Even before the first pitch was thrown, Chrissy Starcher had an inkling about her Glenelg softball team.

So when the No. 5 Gladiators scored seven runs in the first inning en route to a 10-0 throttling of visiting River Hill in a mercy rule-shortened, six-inning game in Glenelg, Starcher wasn't exactly stunned.

"We had a good warm-up before the game," the senior left fielder said. "I thought we'd do great today."

As the weather has heated up, so, too, have Glenelg's bats. The Gladiators - who remained atop the Howard County standings with an 11-0 overall record and a 10-0 county mark - collected 10 runs or more for the fourth time in their past five games.

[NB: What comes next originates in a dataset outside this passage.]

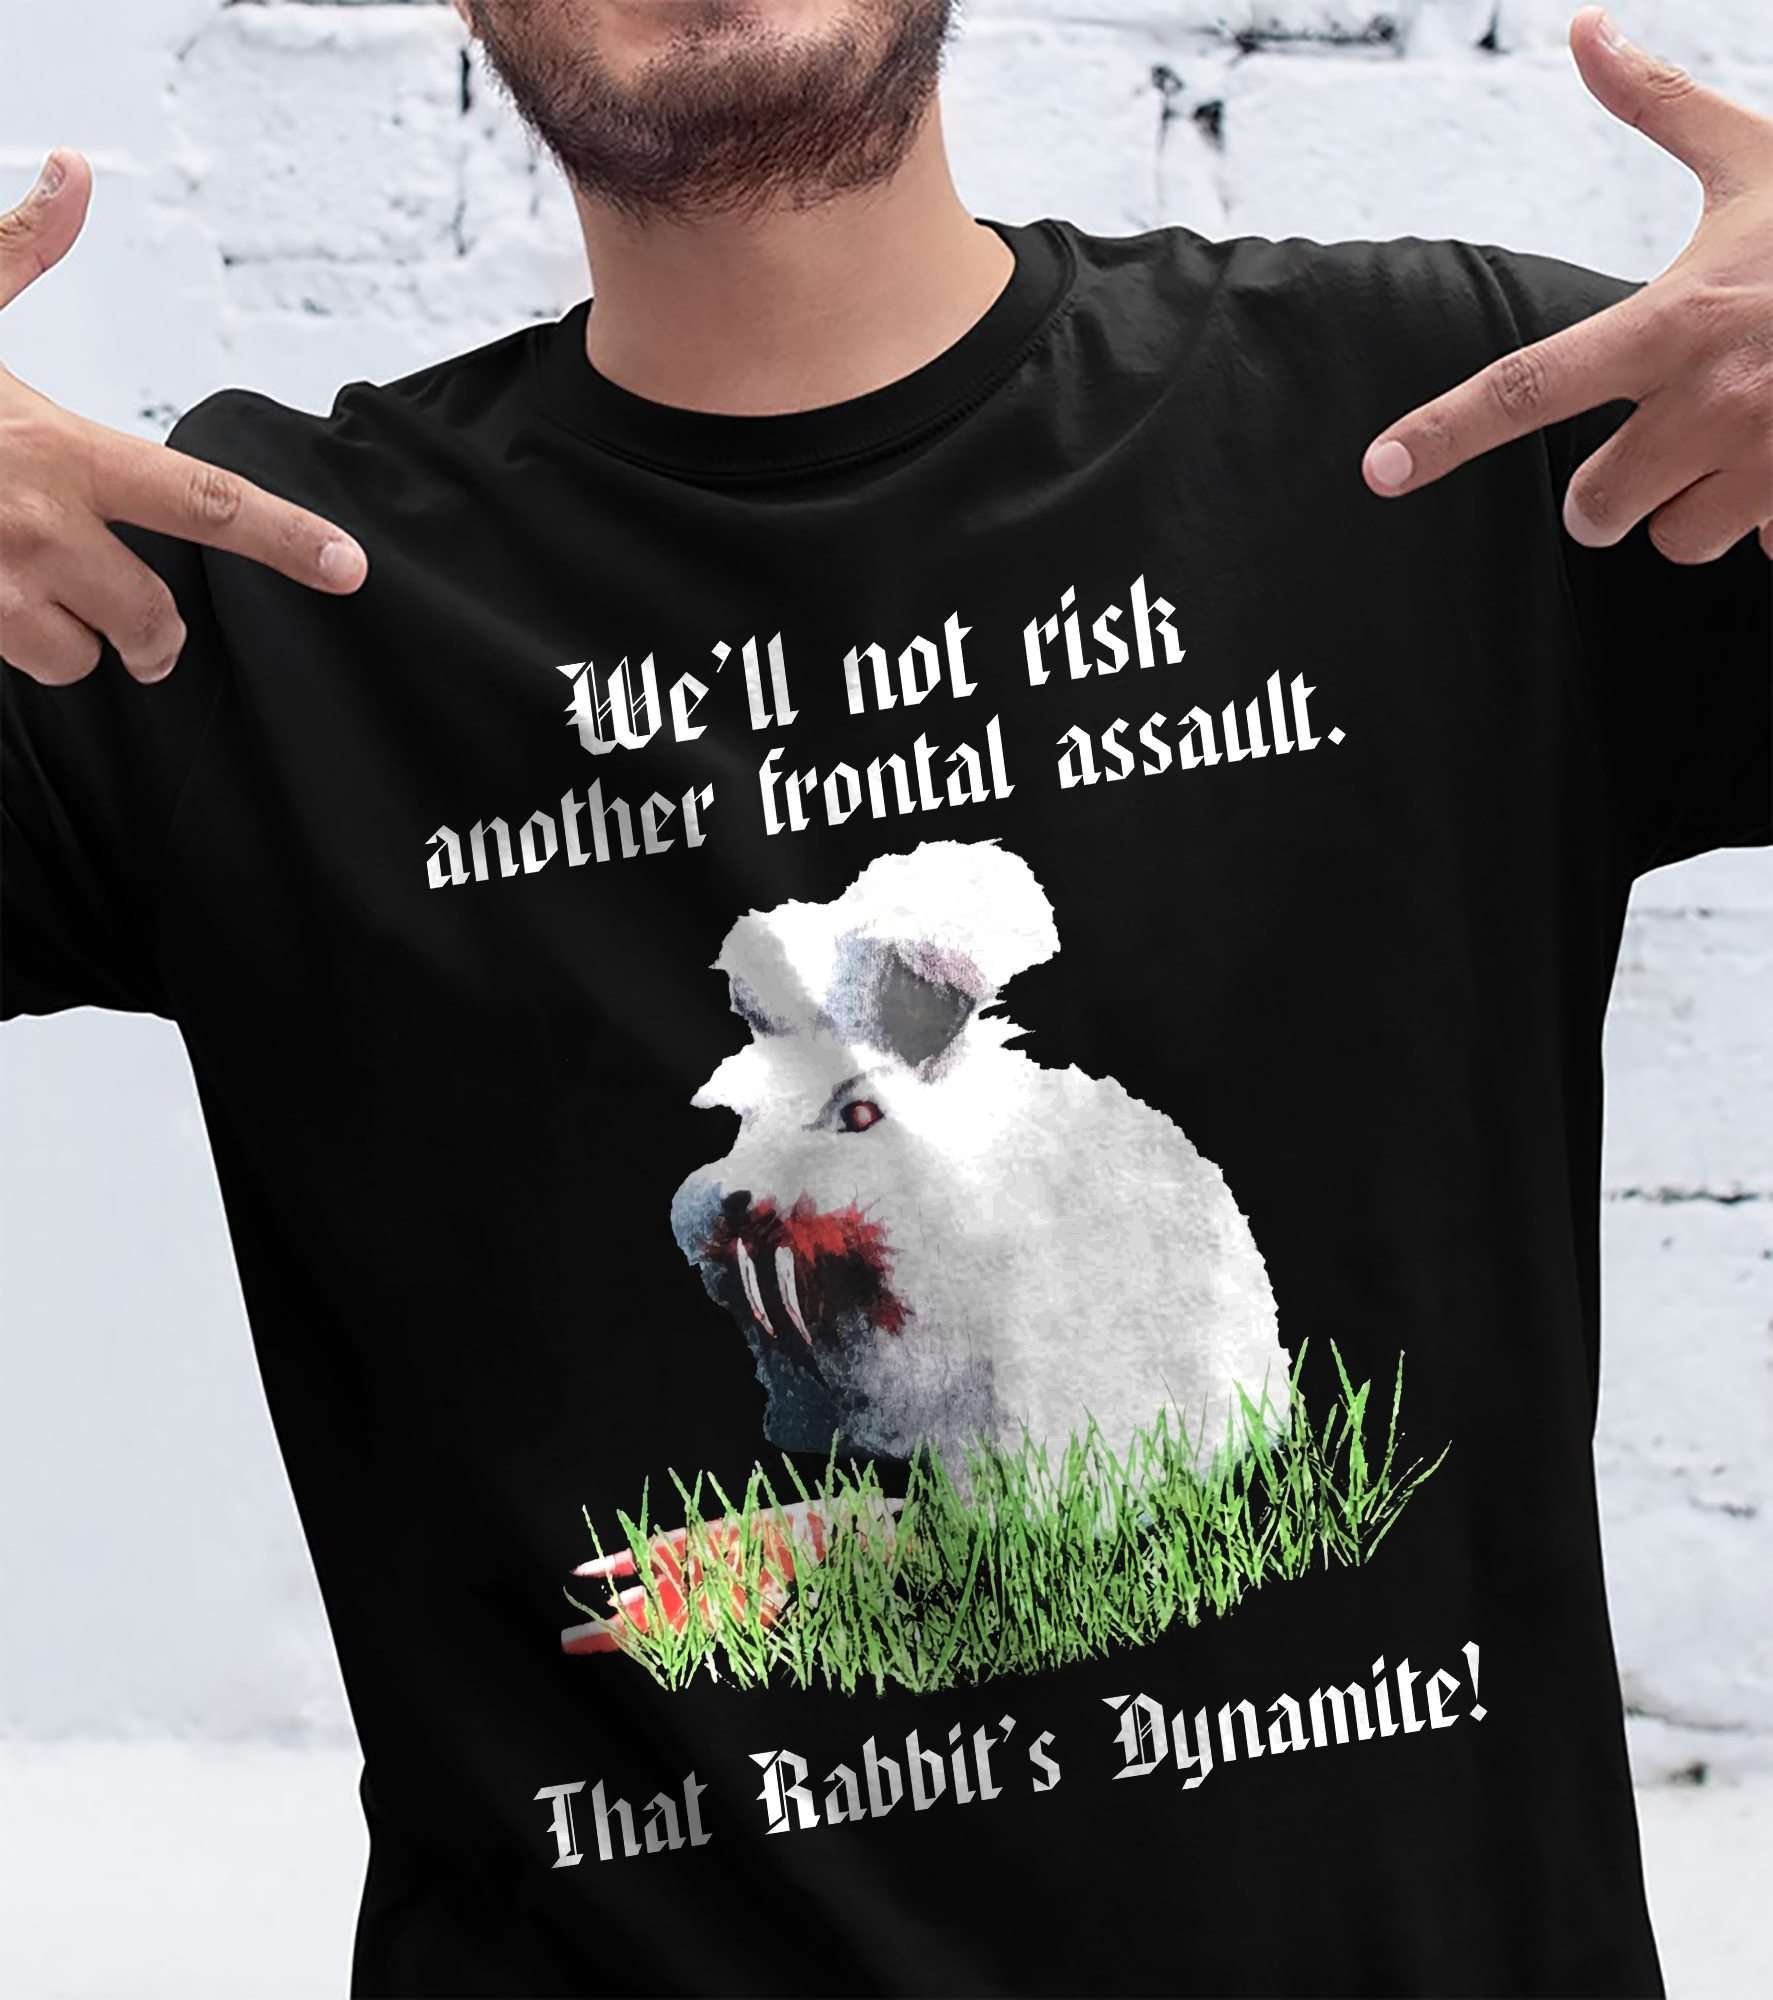 We'll not risk another frontal assault, that Rabbit's dynamite - Rabbit killer

The Hawks (9-4, 7-4) had surrendered just 17 runs this season before yesterday, but they had few answers for a Glenelg squad that is averaging 9.5 runs a game.

"I'm not surprised we put up seven runs in any inning," said Gladiators coach Cameron Rahnama, who called yesterday's 11-hit display one of the team's best. "It was pleasant to see, but we hit the ball hard today."

Glenelg batted around in the bottom of the first inning, registering four hits - including a two-run triple by junior third baseman Stephanie Sims - and taking advantage of two River Hill errors.

But after giving up a double to Gladiators junior catcher Karyn Curley to open the bottom of the second, Hawks junior pitcher Stephanie Haas (4-3) settled down and retired the next 10 batters.

Glenelg ended the game in the bottom of the sixth by recording five singles in seven at-bats to score the final three runs.

Starcher led the way by going 3-for-4 with two RBIs and a run scored. Curley went 2-for-4 with an RBI and a run, and Sims went 2-for-4 with two RBIs and a run.

Senior pitcher Ashley Fowler scattered five hits to improve to 5-0, and relied on a sure-handed defense that forced River Hill into leaving eight runners on base.

"I trust my defense 110 percent of the time," said Fowler, who escaped a bases-loaded, no-out jam in the top of the fourth inning with a force at home plate, a rundown between third base and home, and a liner. "I would not be afraid to play anybody with them behind me."

Hawks coach Dave Vitagliano said the first-inning deficit took momentum from his team.

"When they put a 7-spot up on the board, it kind of deflates you," he said. "In softball, you typically need three hits and a walk or something [to start a rally]. We were getting two, but we weren't getting that third one in."